AVAILABLE RECORDS:

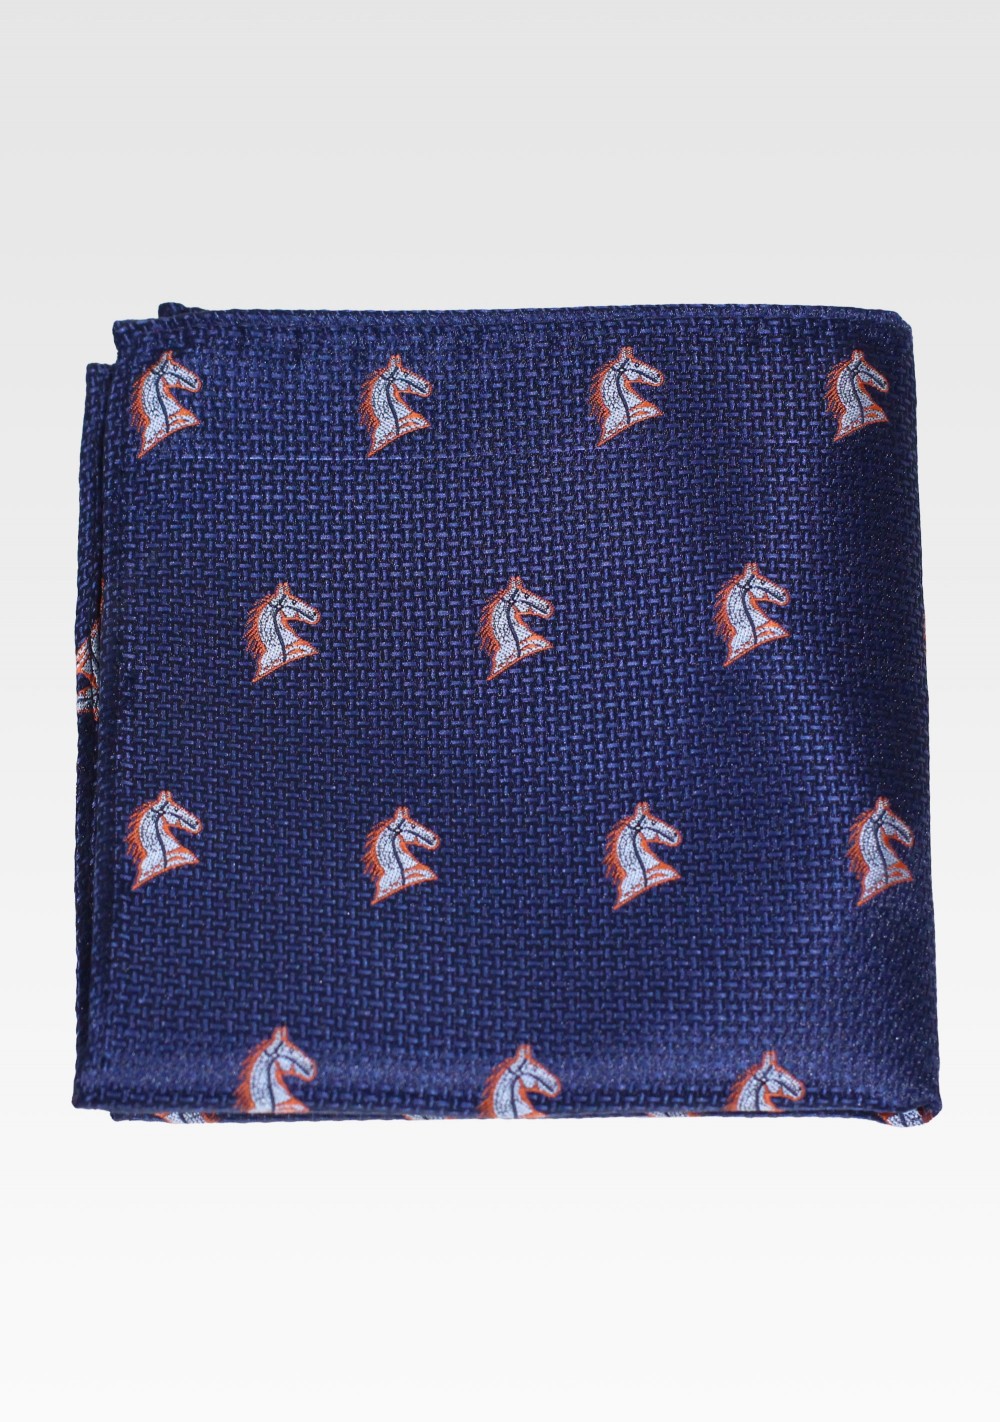 Navy Hanky with Embroidered Horses
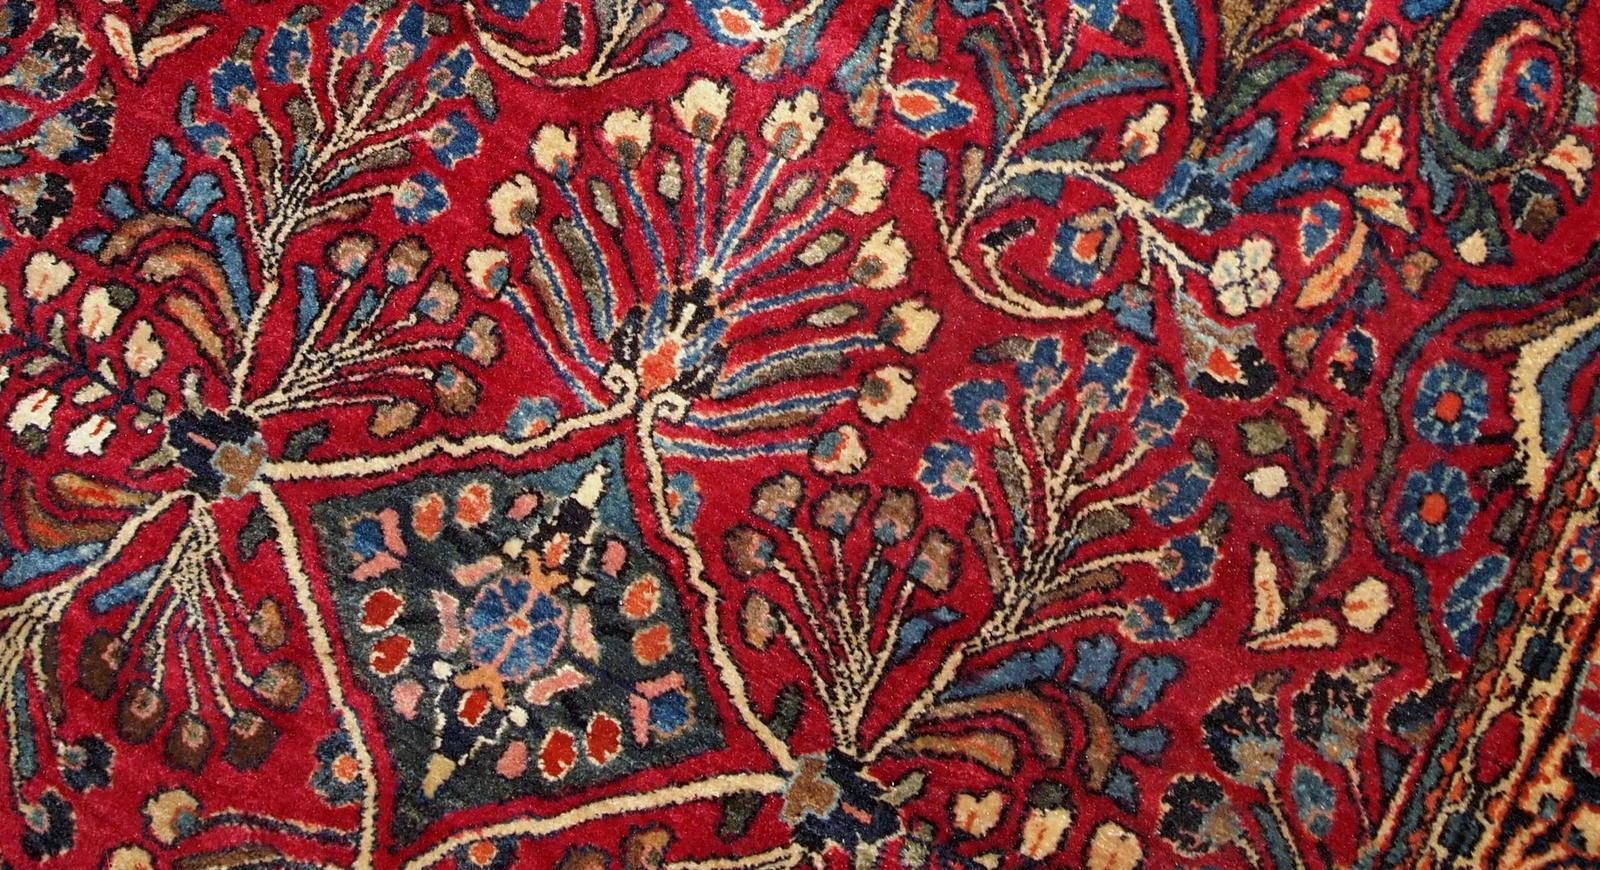 Handmade antique Sarouk rug in bright wool. It has been made in the beginning of 20th century in Middle East region.

-Condition: original good,

circa 1920s,

-Size: 3.6' x 5.3' (109cm x 161cm),

-Material: wool,

-Country of origin:
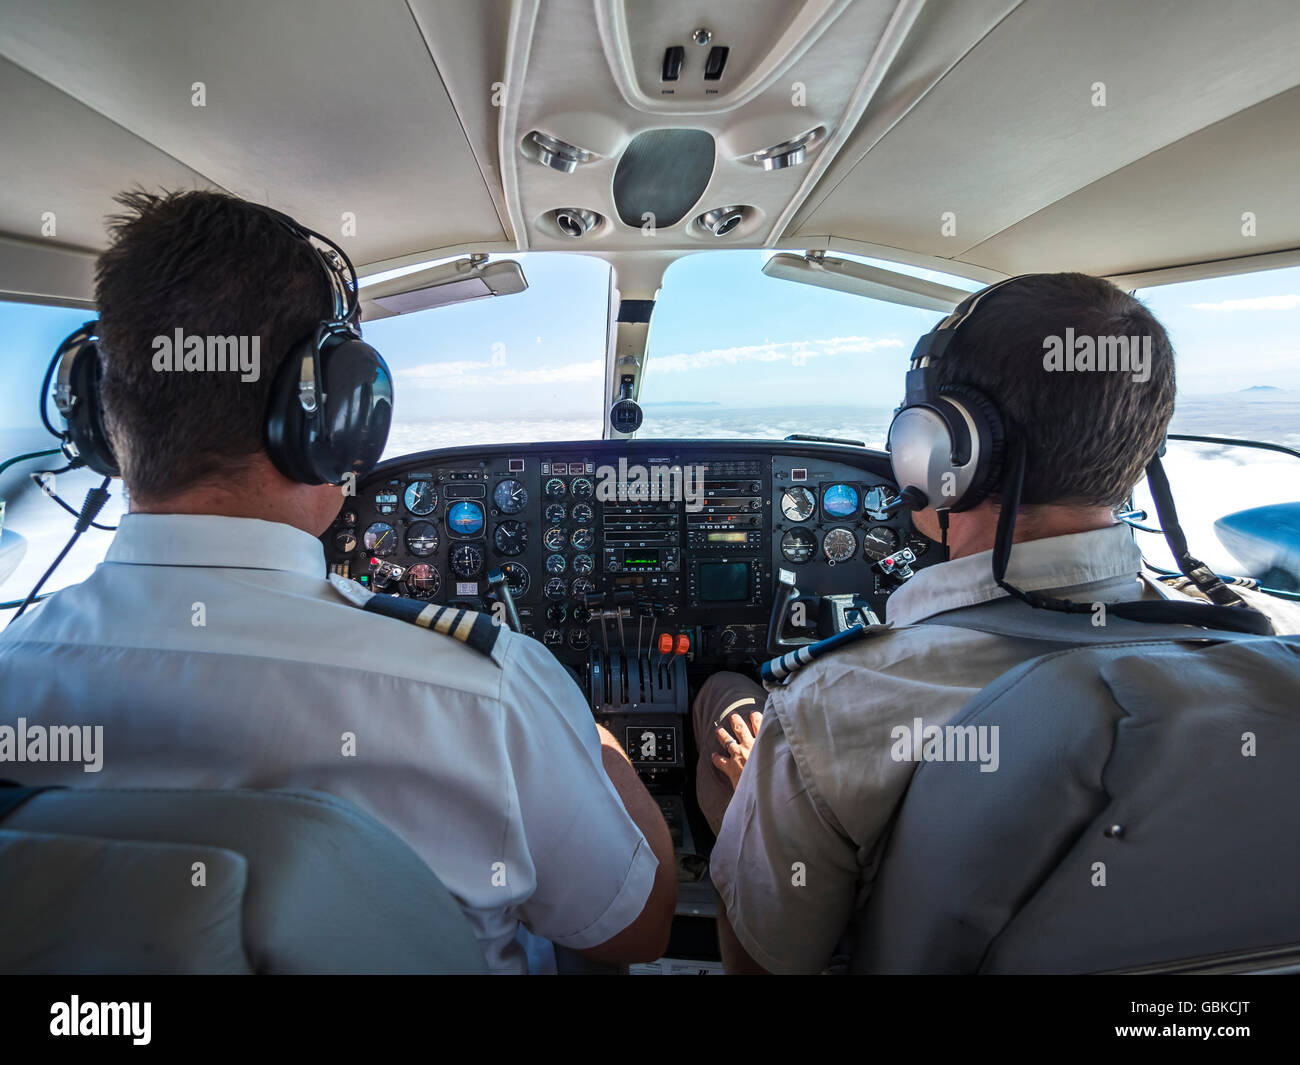 Two pilots in a cockpit, controlling a small aircraft Cessna 406, Namibia Stock Photo
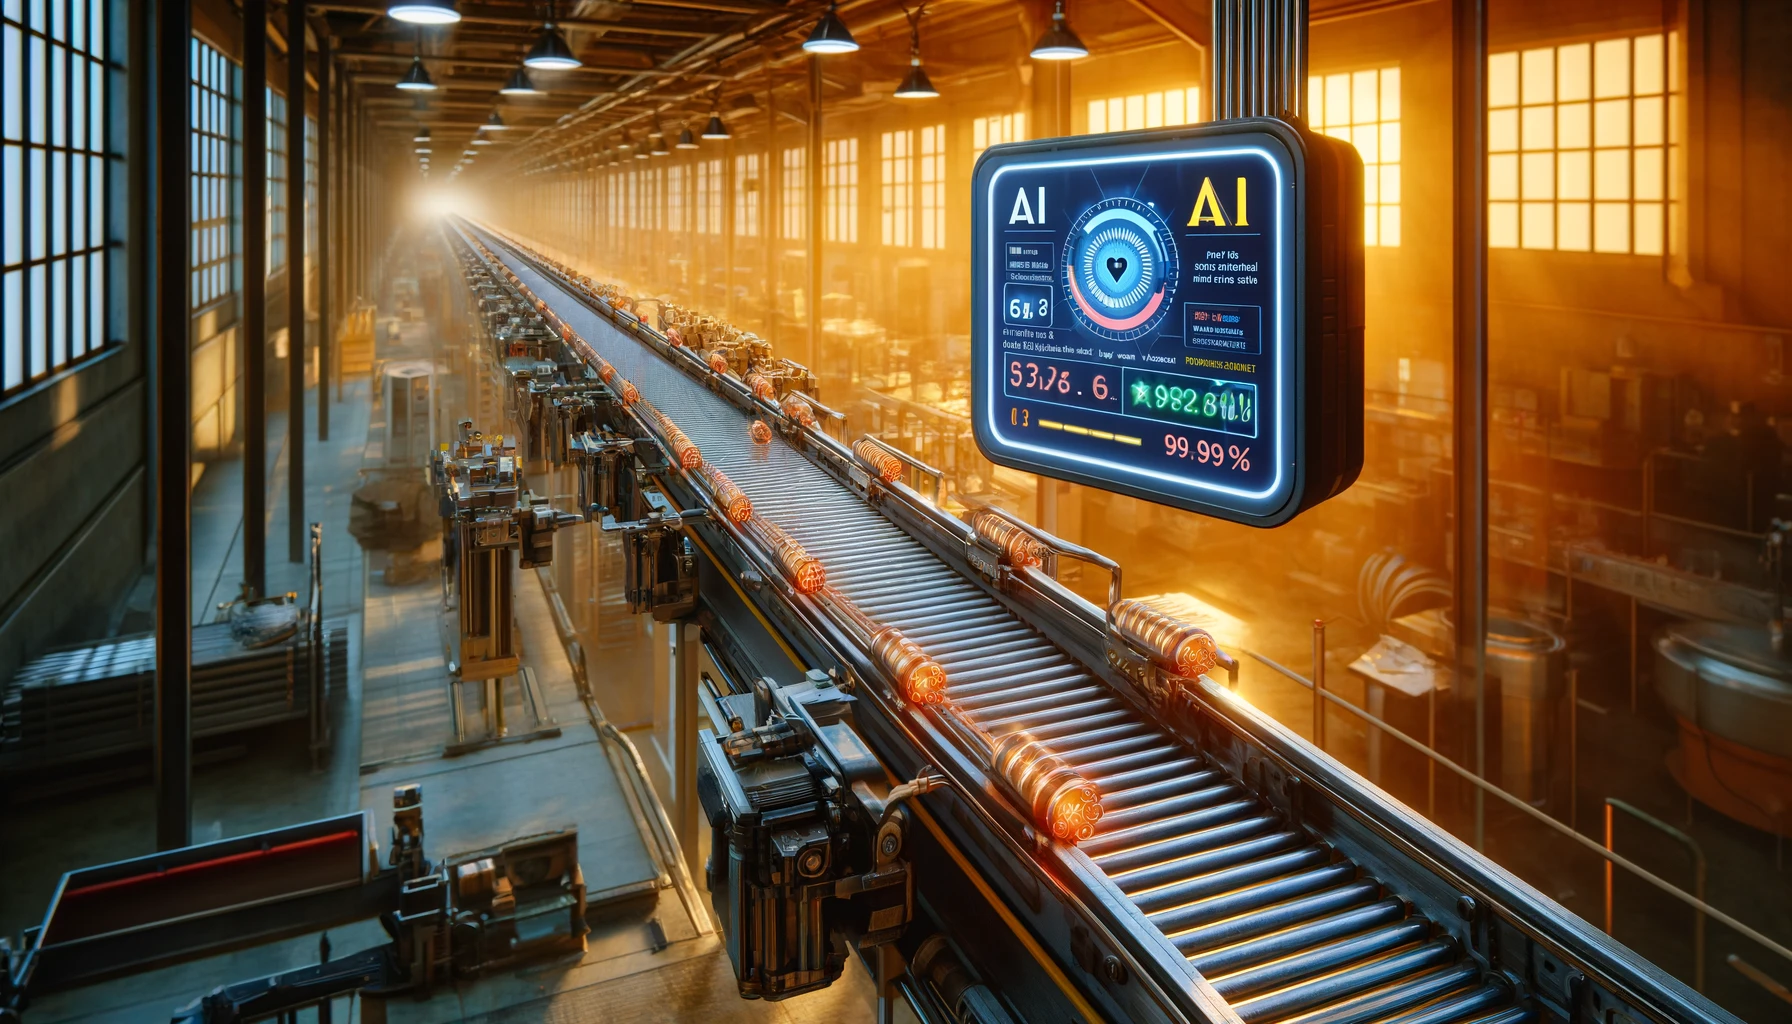 The illustration for the article on the AI-powered optical solution for real-time bar counting on conveyor belts is ready, highlighting the technology's precision and efficiency within an industrial setting.
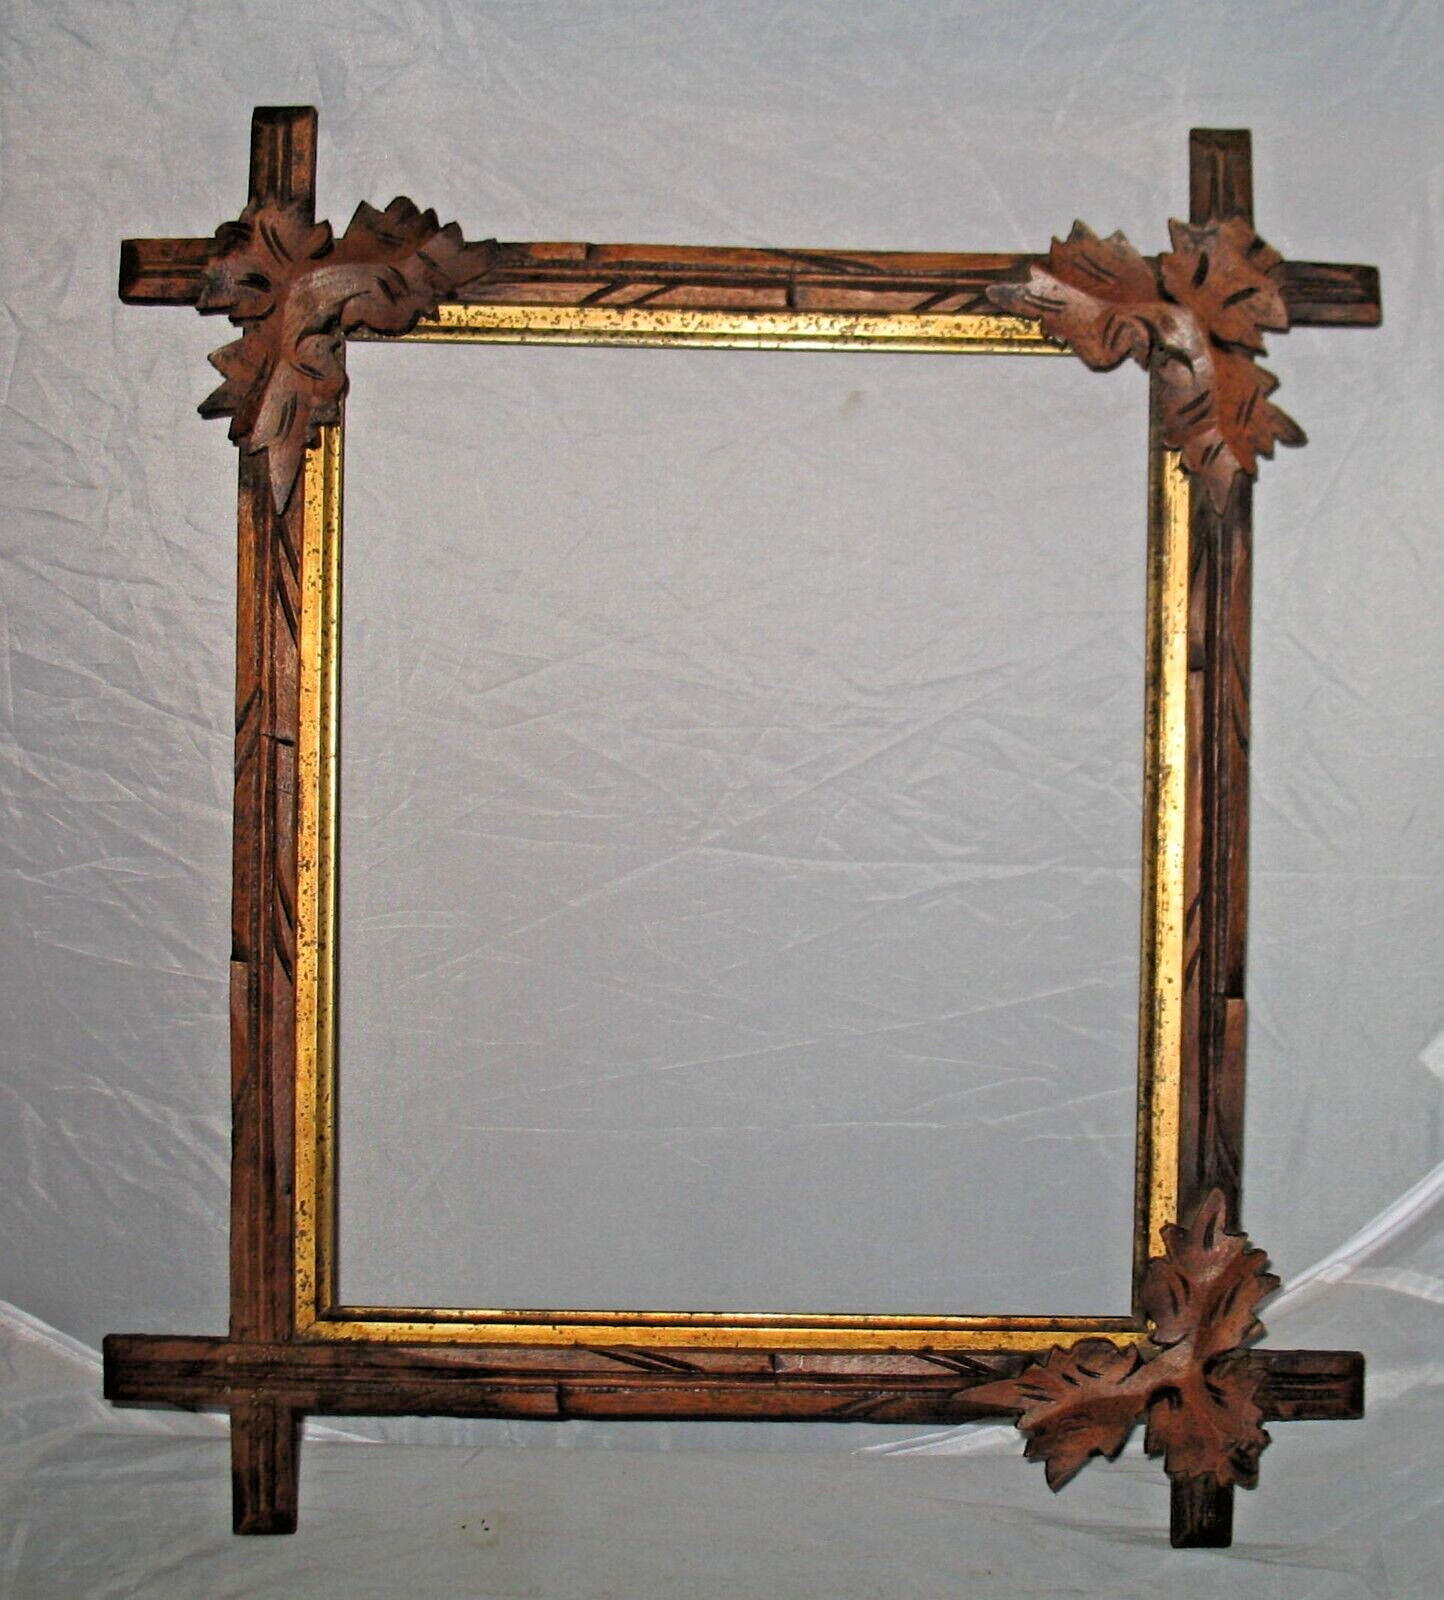 ADIRONDACK BLACK FOREST STYLE CARVED PICTURE FRAME GOLD ACCENTS 17 X 15 VINTAGE

EXERCISE AIM: Copy out every line of the data above, taking care to leave the pictures out.

RESPONSE TO THIS EXERCISE:
 Navy Hanky with Embroidered Horses
 Handmade antique Sarouk rug in bright wool. It has been made in the beginning of 20th century in Middle East region.

-Condition: original good,

circa 1920s,

-Size: 3.6' x 5.3' (109cm x 161cm),

-Material: wool,

-Country of origin:
 Two pilots in a cockpit, controlling a small aircraft Cessna 406, Namibia Stock Photo
 The illustration for the article on the AI-powered optical solution for real-time bar counting on conveyor belts is ready, highlighting the technology's precision and efficiency within an industrial setting.
 ADIRONDACK BLACK FOREST STYLE CARVED PICTURE FRAME GOLD ACCENTS 17 X 15 VINTAGE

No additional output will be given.